Both LINQ and SynaFlow use lazy evaluation — nothing runs until you consume the result (.ToList() in LINQ, a terminal step or run() in SynaFlow). This is the foundation for memory efficiency and composability.

// LINQ: nothing executes yet
var query = numbers.Where(n => n > 5).Select(n => n * 2);
// Executes now
var result = query.ToList();
# SynaFlow: pipeline is defined, not executed
p = pipeline(...)
# Executes now
run(p, params)

Grouping & aggregation

var groups = items
    .GroupBy(i => i.Category)
    .ToDictionary(g => g.Key, g => g.Sum(i => i.Value));
def group_by_category(items: Iterator[Item]) -> dict[str, int]:
    result = {}
    for item in items:
        result[item.category] = result.get(item.category, 0) + item.value
    return result

In SynaFlow, GroupBy is just a step that accumulates in a local dict and returns it. No special grouping operator needed — plain Python is the query language.

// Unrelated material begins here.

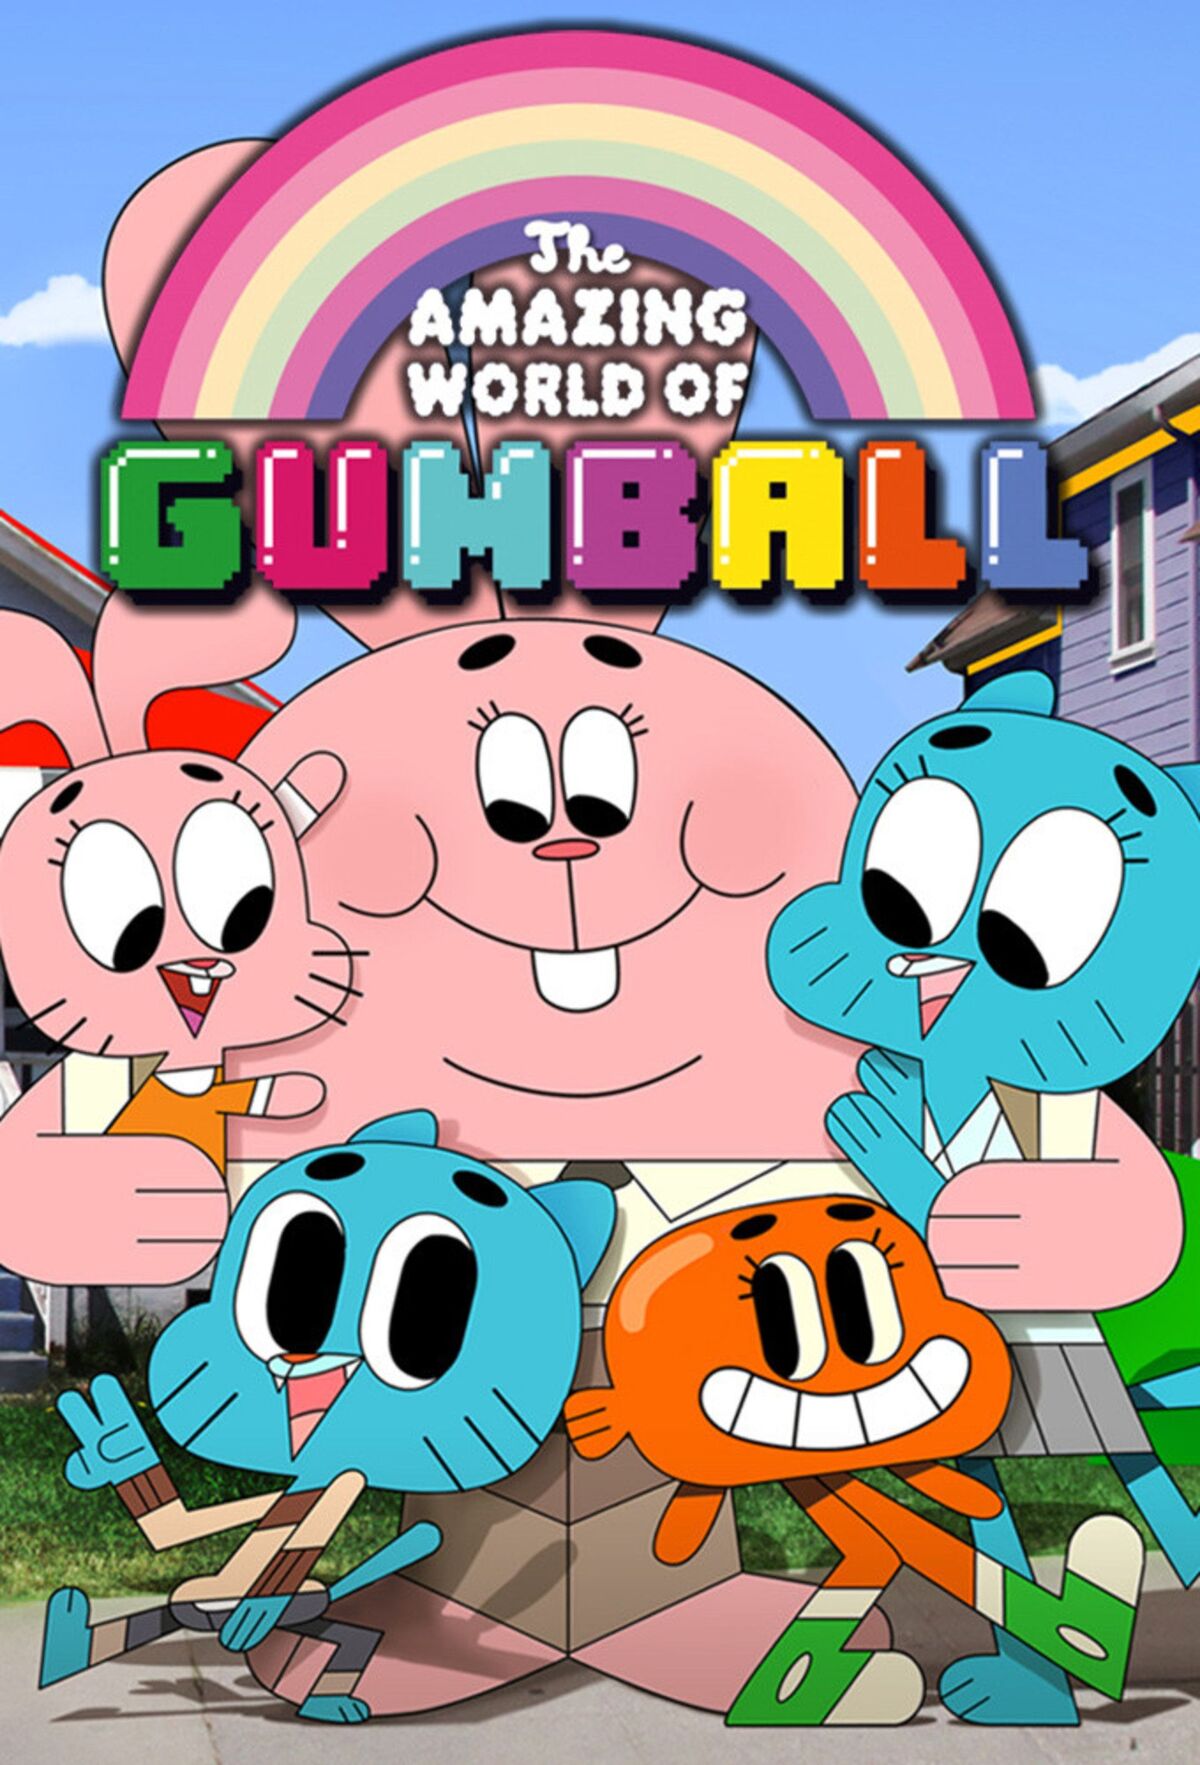 Fshare] - The Amazing World of Gumball - Thế Giới Kỳ Diệu Của Gumball  Season 1,2,3,4 Full HD 1080p | HDVietnam - Hơn cả đam mê

When SynaFlow goes further

Persistence

LINQ streams are in-memory by design. SynaFlow's materializers let ToList() / ToDictionary() target disk, S3, Redis, or any backend without changing the consumer code. See Java Streams comparison for more on the protocol-over-concrete-type design.

Bounded streams (vs. standard LINQ / TPL)

Standard LINQ (IEnumerable) executes purely pull-based in lockstep on a single thread. It has no concept of a "bounded ahead" buffer between streaming steps.

In C#, when you need to let a producer task run ahead of a consumer task up to a specific limit (e.g. for I/O-bound operations), you typically transition to: * System.Threading.Channels (using a bounded channel Channel.CreateBounded<T>(N)). * TPL Dataflow blocks (using BoundedCapacity on blocks like TransformBlock).

SynaFlow embeds this capability directly into your DAG definition via max_in_flight=N on the step without requiring you to write channel or queue plumbing.